On February 22, 2002, the Company filed with the SEC a Form S-3 Registration Statement for a public shelf registration of
$5.0 billion of debt securities, which was declared effective on March 4, 2002. The Company allocated $1.0 billion to a new
retail medium-term note program involving the sale of notes with a minimum denomination of $1,000. As of the date hereof,
an aggregate amount of $4.9 billion remains available under this Registration Statement for potential debt issuance.
The provisions of the most restrictive debt covenant prohibit the payment of cash dividends by the Company to the extent
that the Company's consolidated assets would be less than 115% of its consolidated liabilities after dividend payments. At
March 31, 2002, as well as during the period, the Company was in compliance with all its debt covenants.
As of November 23, 2001, $2.0 billion of Boeing's 364-day revolving credit line was made exclusively available to the
Company. At March 31, 2002, there were no amounts outstanding under this agreement.
Note 6-- Derivative Financial Instruments
As adopted January 1, 2001, the Company accounts for derivatives pursuant to SFAS No. 133, "Accounting for Derivative
Instruments and Hedging Activities," as amended. This standard requires that all derivative instruments be recognized in
the financial statements and measured at fair value regardless of the purpose or intent for holding them.
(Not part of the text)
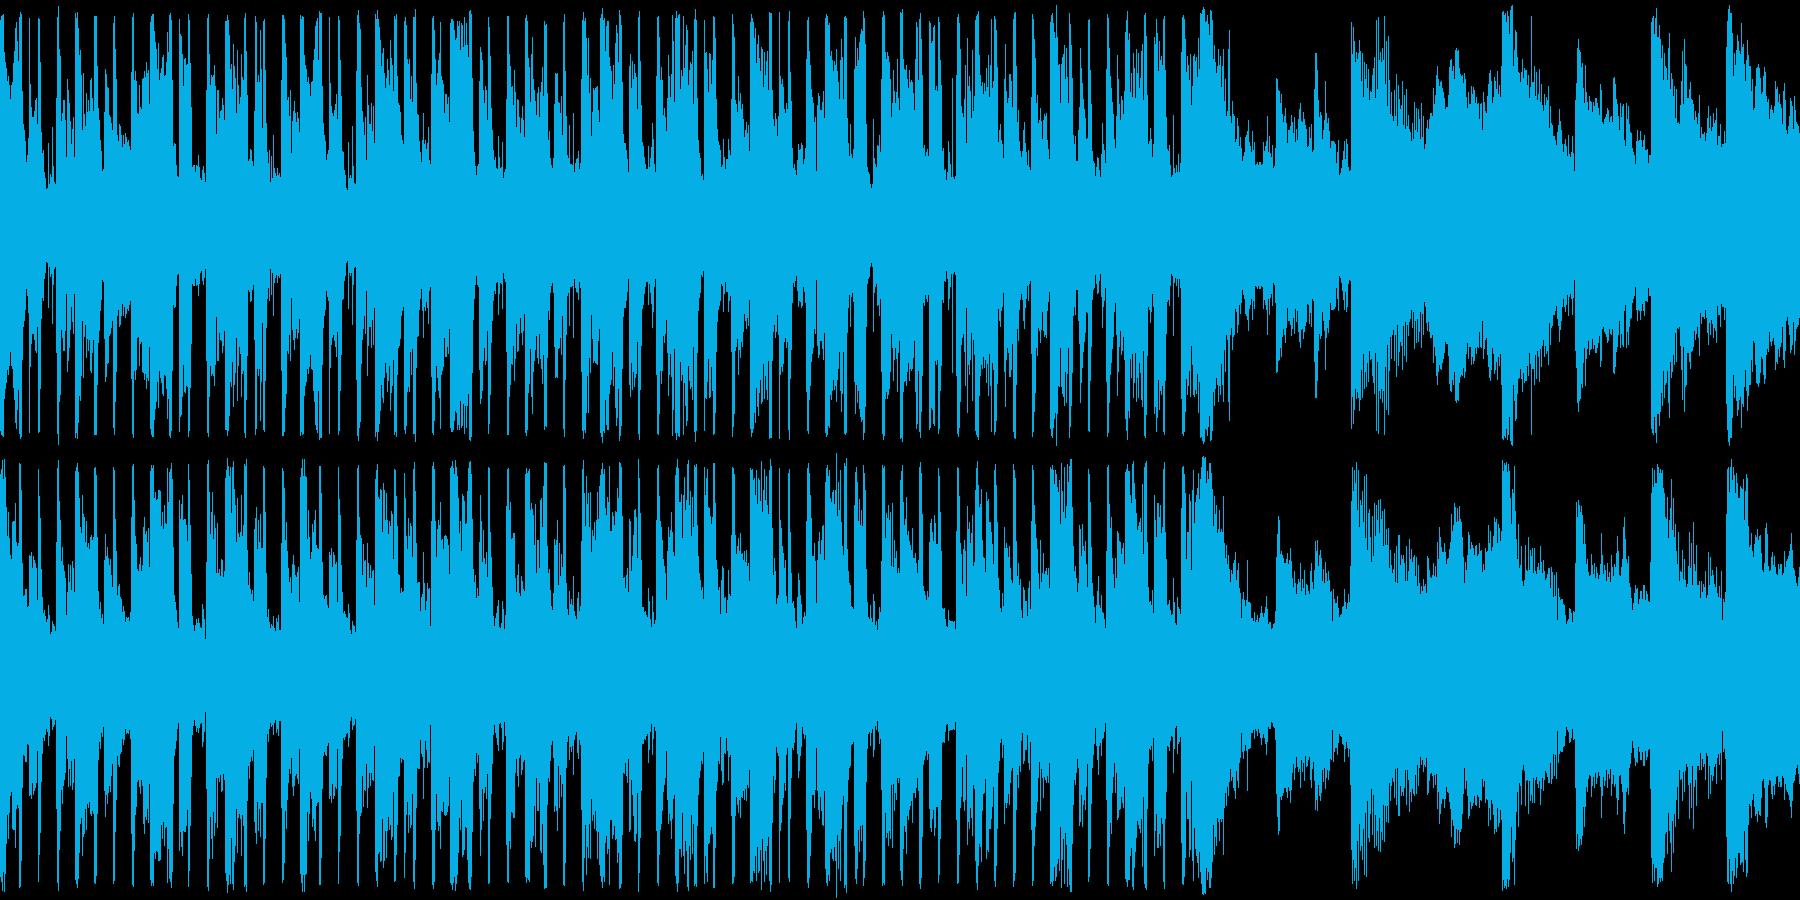 インスピレーションを与えるプロモー...の再生済みの波形

The Company is exposed to a variety of market risks, including the effects of changes in interest rates. This exposure is
managed, in part, with the use of derivatives. The following is a summary of the Company's risk management strategies and
the effect of these strategies on the consolidated financial statements.
Fair Value Hedges
Fair value hedges used by the Company include certain interest rate swaps, including forward-starting interest rate swap
agreements. The Company holds forward-starting interest rate swap agreements to fix the cost of funding a firmly committed
lease for which payment terms are determined in advance of funding. This hedge relationship mitigates the changes in fair
value of the hedged portion of the firm commitment caused by changes in interest rates. The net change in fair value of the
swap and the hedged portion of the firm commitment is reported in earnings.
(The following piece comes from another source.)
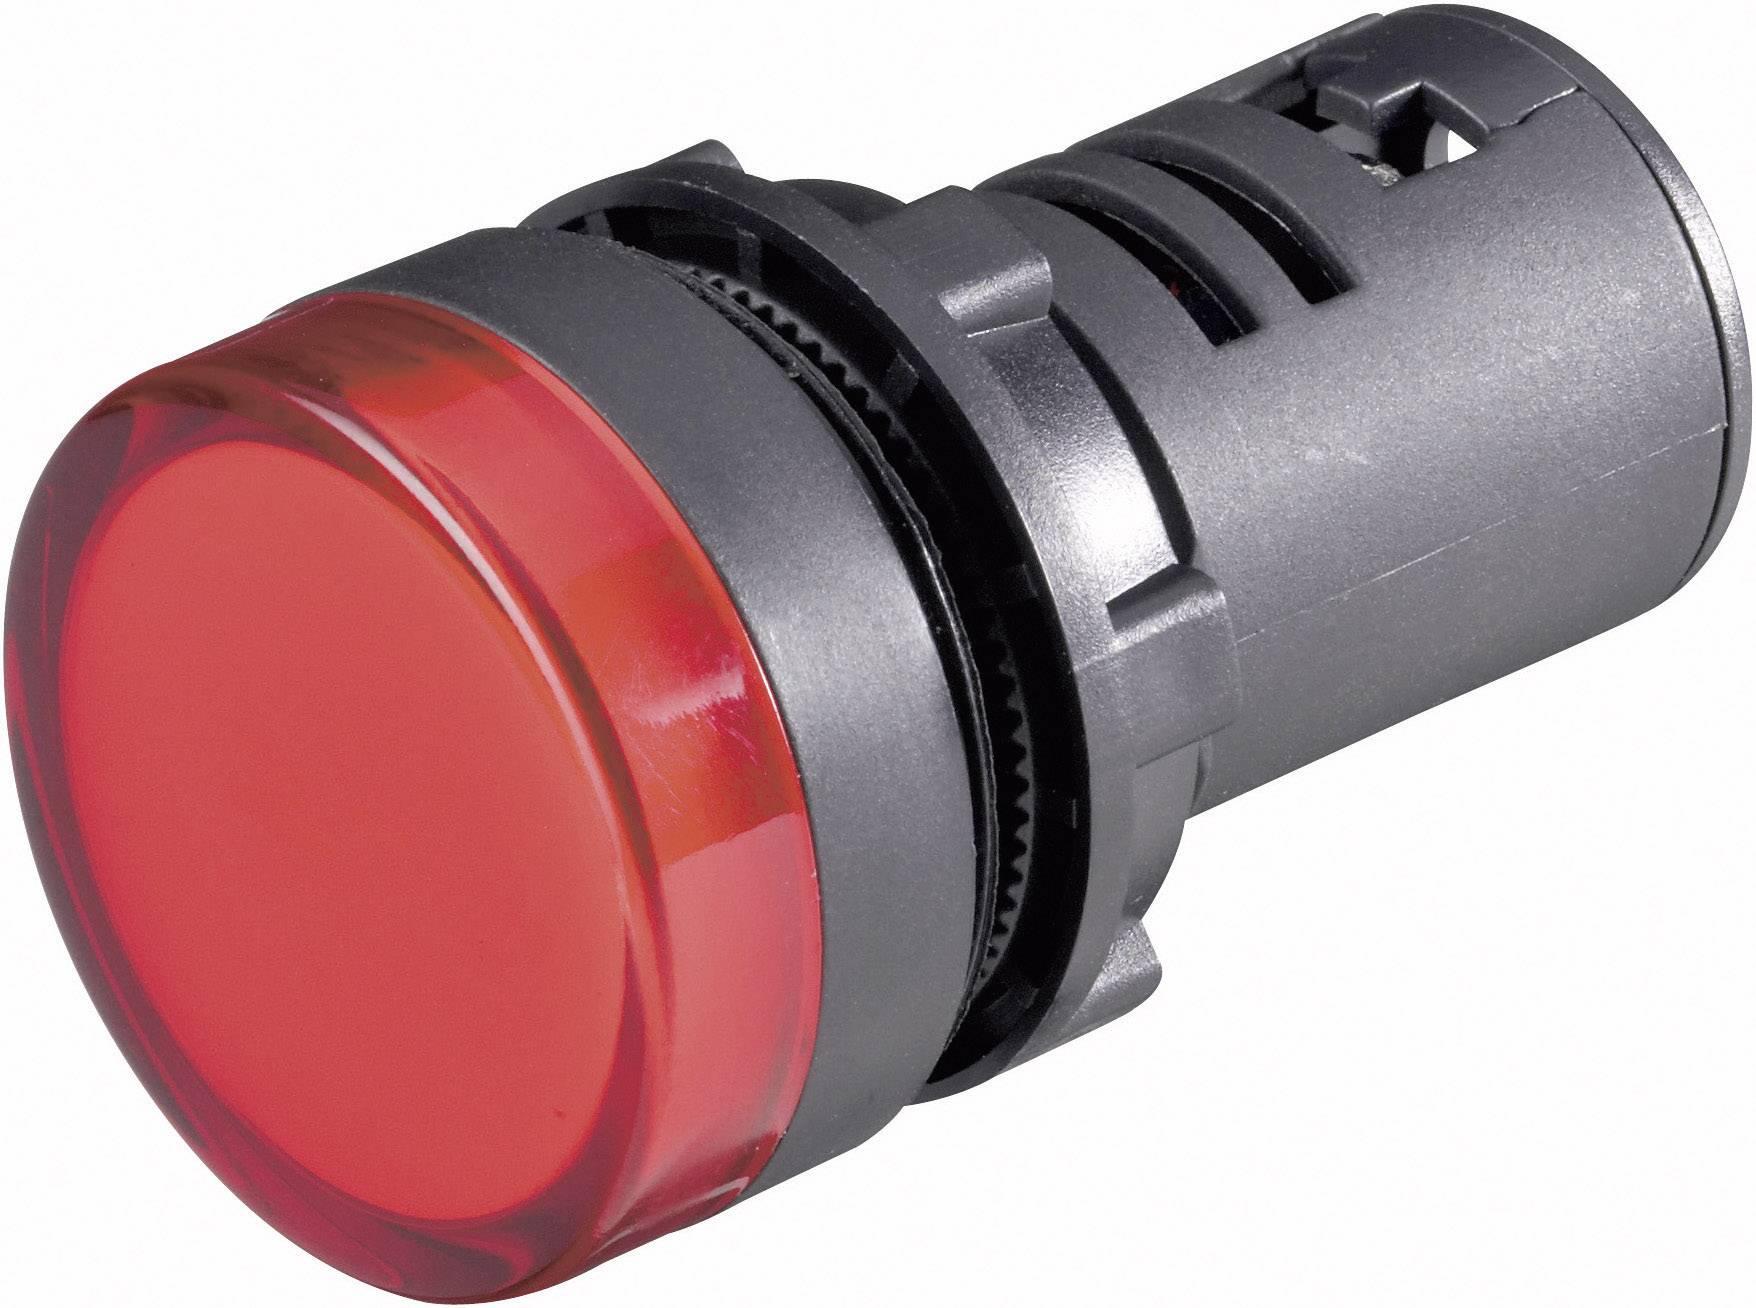 Blikající LED signálka, 22 mm, GB RN-1215S/P

For the three months ended March 31, 2002, $0.5 million of gains related to the basis adjustment of certain terminated
interest rate swaps were recorded in other income. There were no basis adjustment gains or losses for the three months
ended March 31, 2001.
Cash Flow Hedges
Cash flow hedges used by the Company include certain interest rate swaps. At March 31, 2002 and December 31, 2001, net
unrecognized losses of $8.2 million ($5.2 million net of tax) and $9.8 million ($6.3 million net of tax), respectively,
were recorded in accumulated other comprehensive income/loss associated with the Company's cash flow hedging transactions.
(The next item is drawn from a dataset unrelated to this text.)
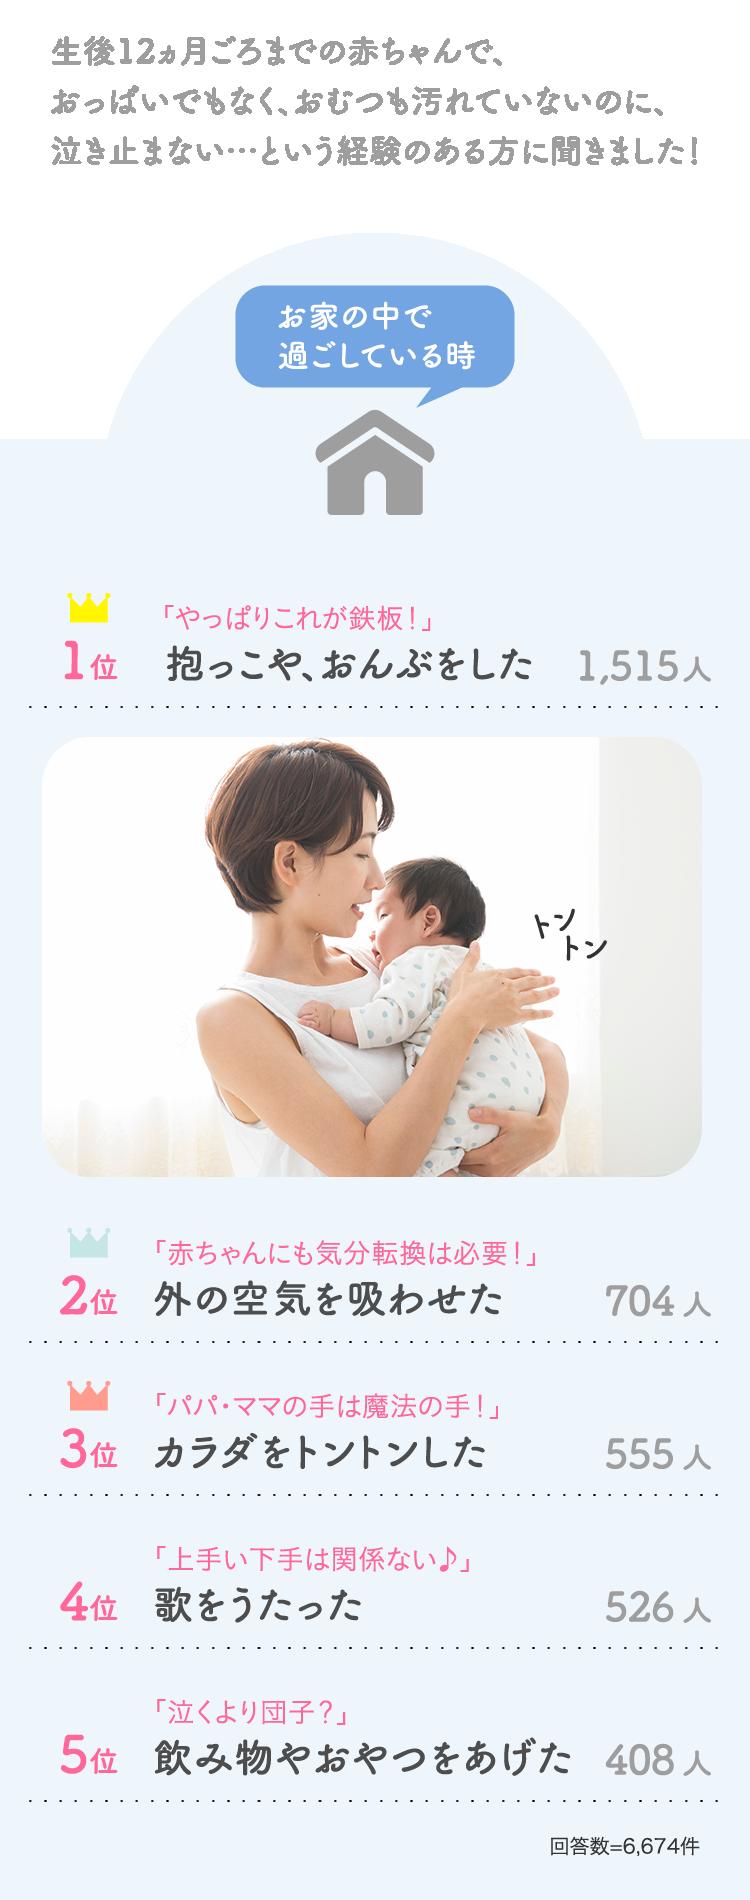 ない 止ま 赤ちゃん 泣き

Of these amounts, a net unrecognized loss of $9.2 million ($5.9 million net of tax) was due to the Company's transition
adjustment upon implementation of SFAS No. 133, at January 1, 2001.
For the three months ended March 31, 2002 and 2001, unrecognized losses included in accumulated other comprehensive
income/loss of $0.1 million and $0.6 million (net of tax), respectively, were reclassified to other income. During the next
twelve months, the Company expects to reclassify to other income a loss of $0.5 million (net of tax) from the amount
recorded in accumulated other comprehensive income/loss.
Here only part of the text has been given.